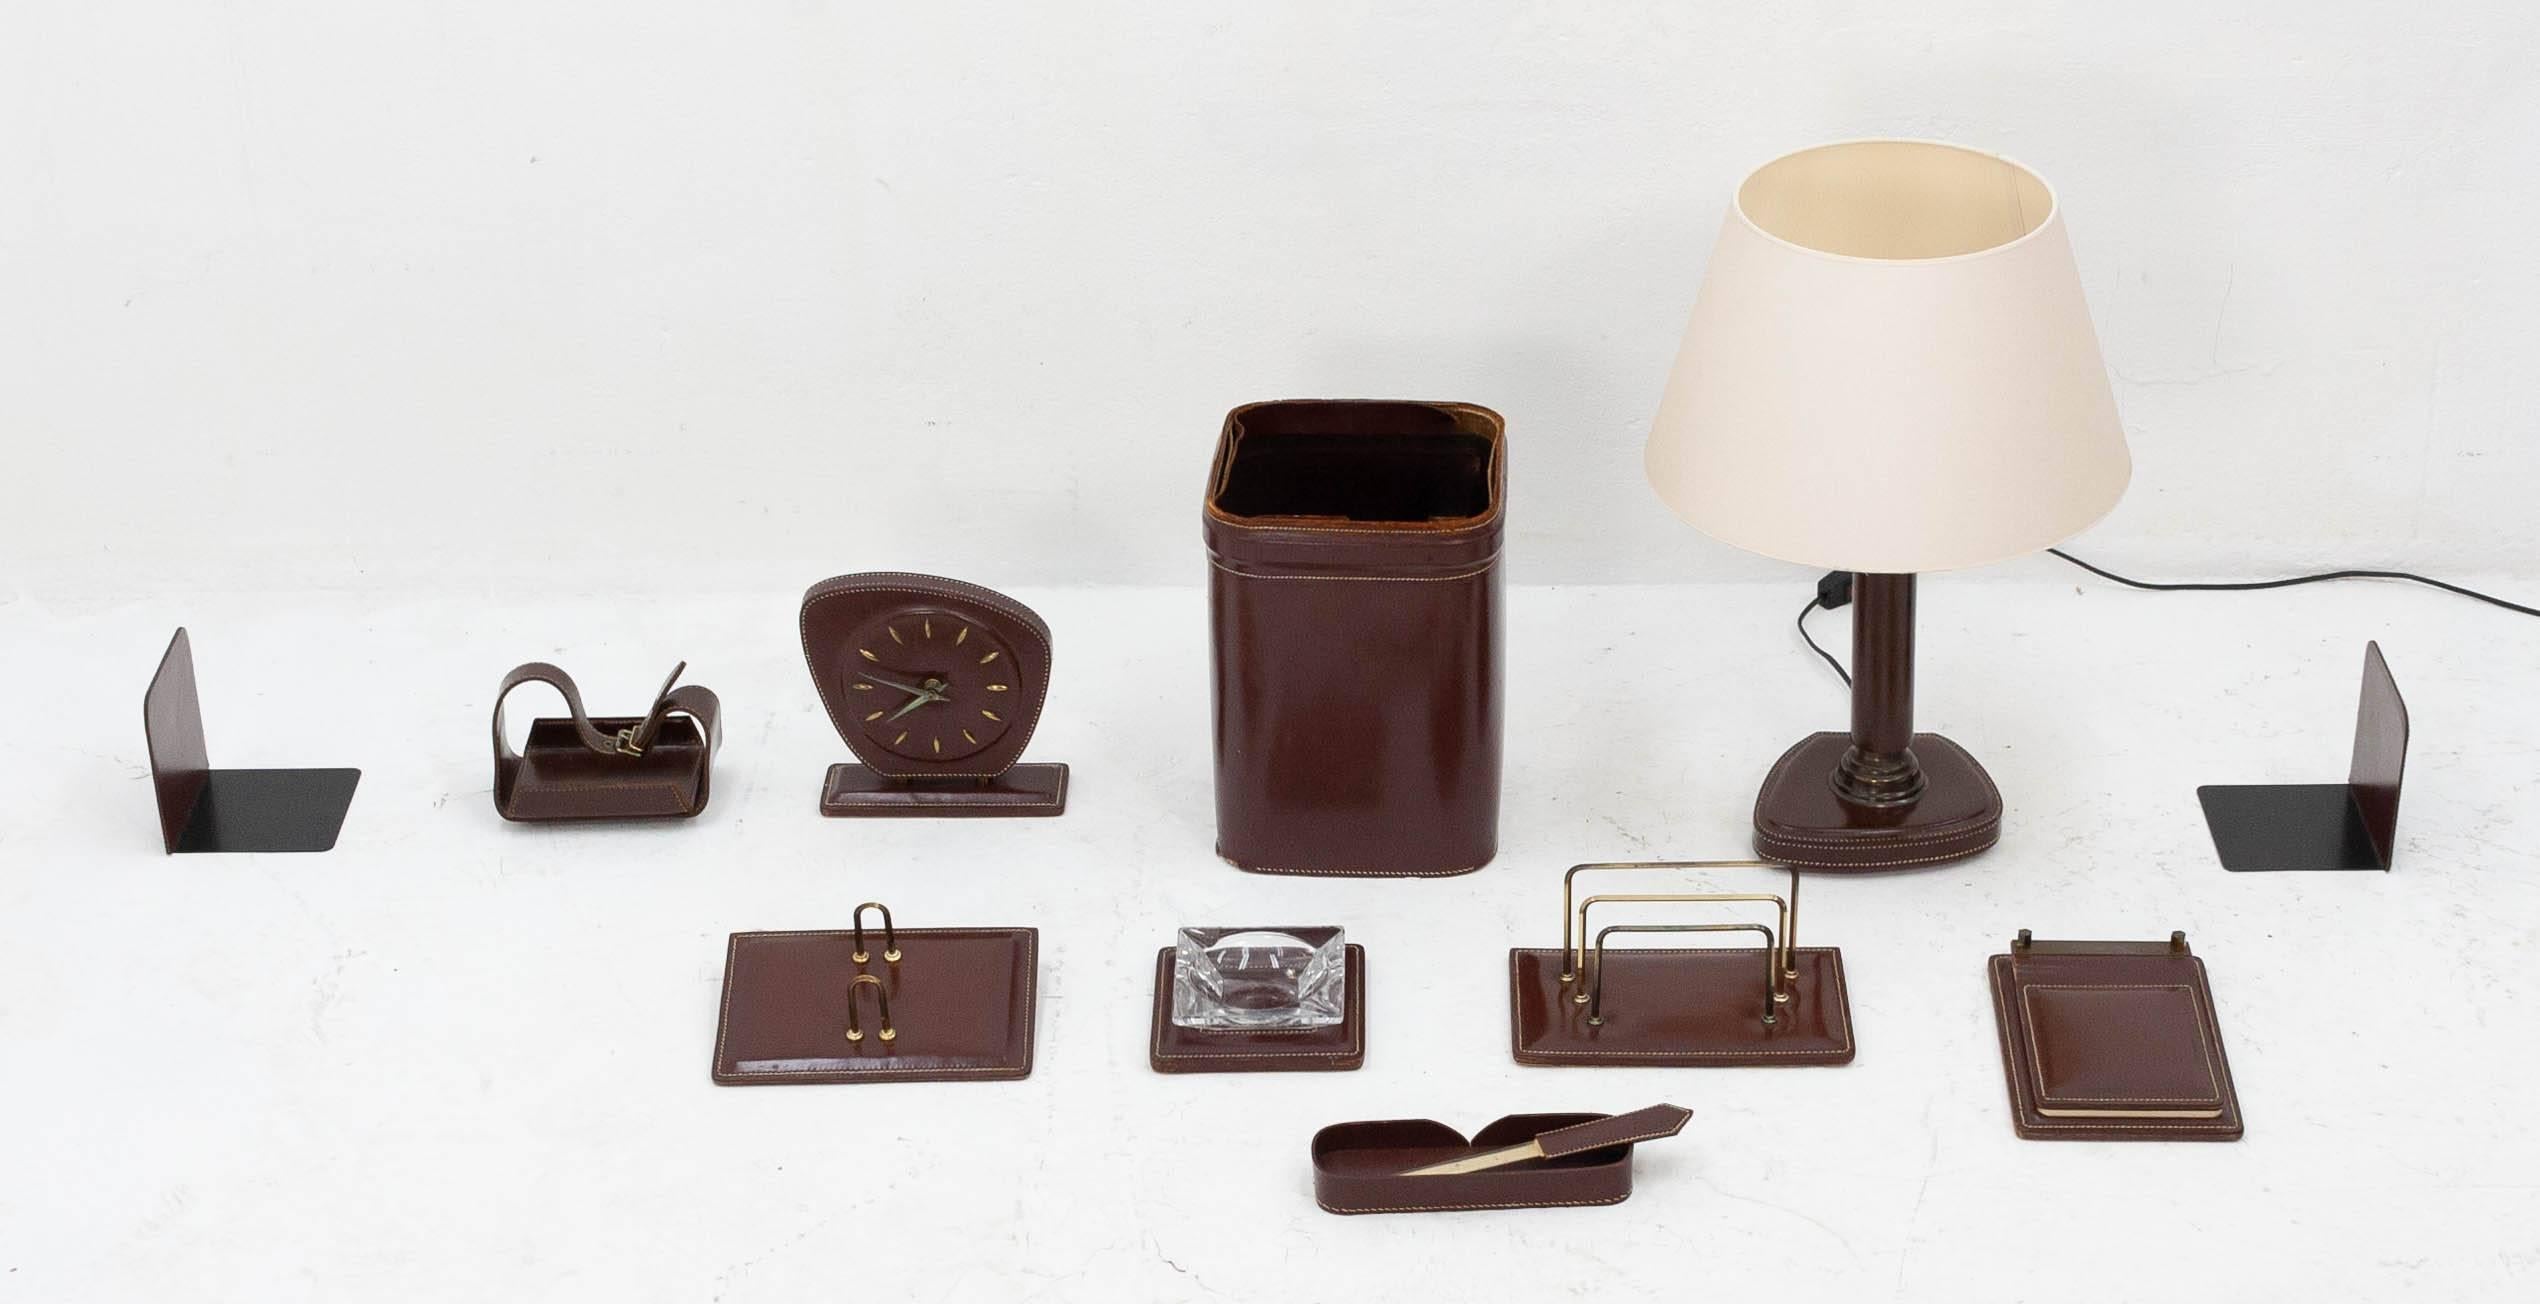 Fabulous large stitched brown leather desk set, French, 1960s. This set consists of the following eleven items:

- Desk clock (in good working order)
- Two bookends
- Letter holder
- Business card holder
- Desk lamp with lampshade
- Glass

▸ **Task details**
The lines to copy run from the one containing "- Two bookends" through the last line above. Copy them exactly and include nothing else.

▸ **Task answer**
- Two bookends
- Letter holder
- Business card holder
- Desk lamp with lampshade
- Glass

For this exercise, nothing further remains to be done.